5.2.3 L’impact de la trajectoire prémigratoire sur l’état de santé

Les persécutions provoquées par la guerre, l’exil vécu dans des conditions inimaginables ainsi que les longues années passées dans les camps de réfugiés ont eu des conséquences négatives sur la santé de tous les participants rencontrés. La santé de deux d’entre eux a été gravement affectée lorsque les conflits armés ont éclaté dans leur pays d’origine. L’un d’entre eux a développé un état de stress post-traumatique (ESPT) et de la polyneuropathie à la suite de son exil, une autre personne violée et battue pendant les conflits armés a déclaré avoir développé de l’hypertension et être paralysée du côté gauche à la suite de ces évènements. Ceux-ci ont mentionné que les douleurs associées aux problèmes de santé développés pendant l’exil sont très fortes et insupportables, et ce, même après leur réinstallation à Québec.

D’autres ont aussi rapporté que leur sommeil est perturbé depuis leurs expériences prémigratoires. Ils peuvent se réveiller fréquemment la nuit et faire des cauchemars en lien avec les évènements traumatiques vécus. Deux participants mentionnent avoir des maux de tête récurrents, d’autres font de l’hypertension et une dame a rapporté avoir développé de l’asthme dans les camps de réfugiés. Finalement, quelques-uns ont eu une mauvaise hygiène personnelle et dentaire à cause de l’accessibilité restreinte à certaines ressources de base dans les camps (savon, dentifrice, brosses à dents, eau).

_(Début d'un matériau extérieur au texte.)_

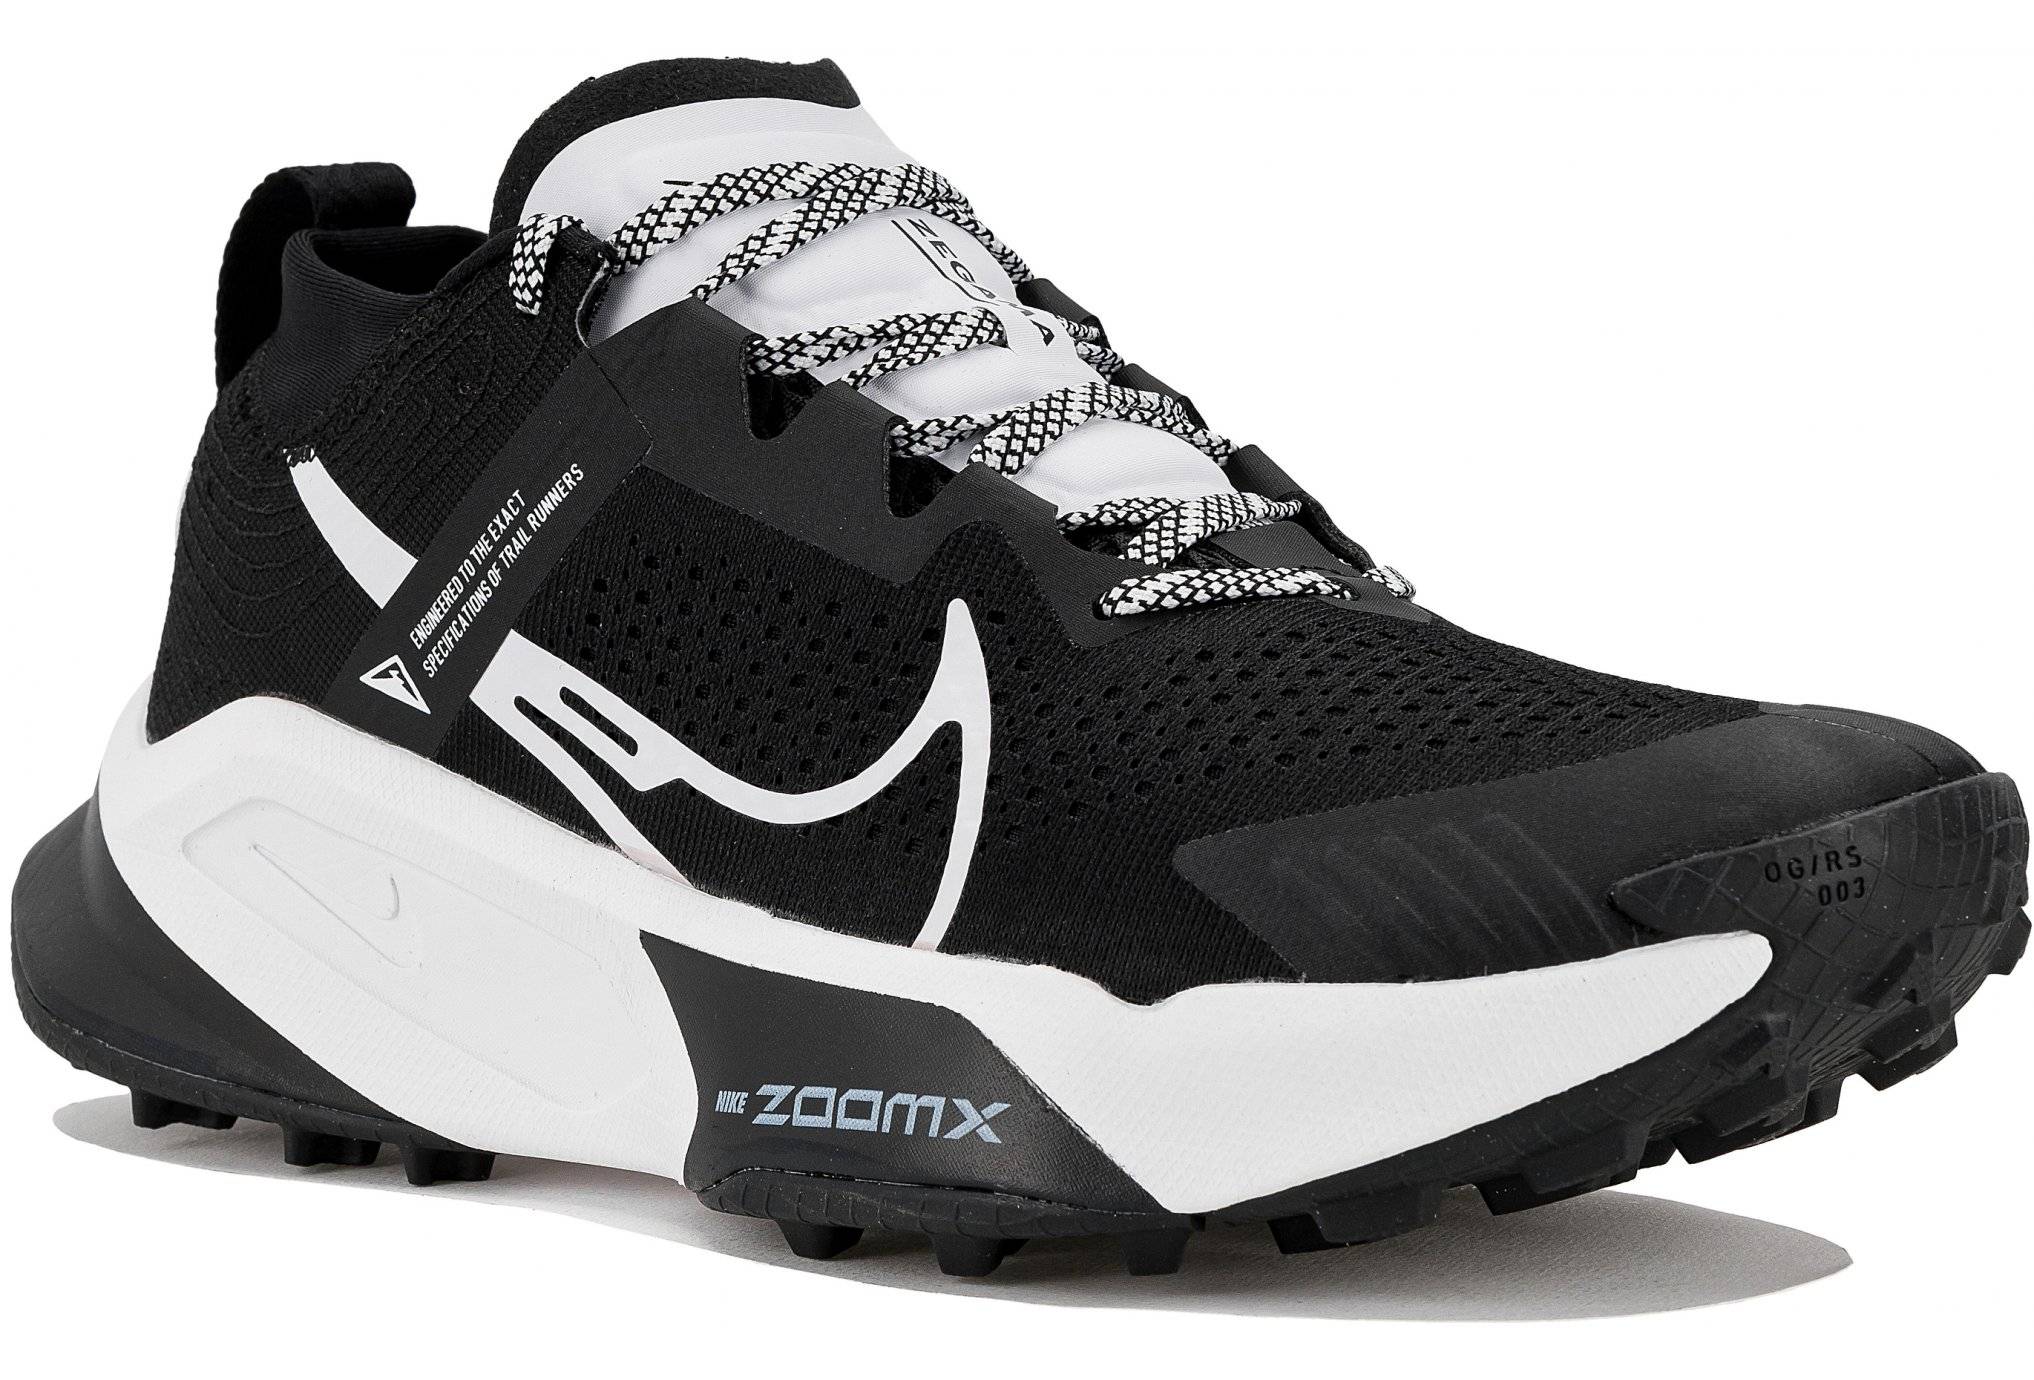 Nike ZoomX Zegama M

Bon notre santé physique ça se passe bien, on se lave bien. […] On se lave bien, on se brosse les dents après le repas tout ça. […] Au camp de réfugiés, c’était moins facile. Au camp de réfugiés, tu ne peux pas trouver les brosses [à dents]. Des fois, les autres coupent les morceaux de bois. Parfois [tu te brosses les dents] avec la main. Mais ce n’est pas suffisant. Y’a pas de dentifrice. Le savon à linge là, il ne faut pas l’avaler [quand tu te brosses les dents avec ça].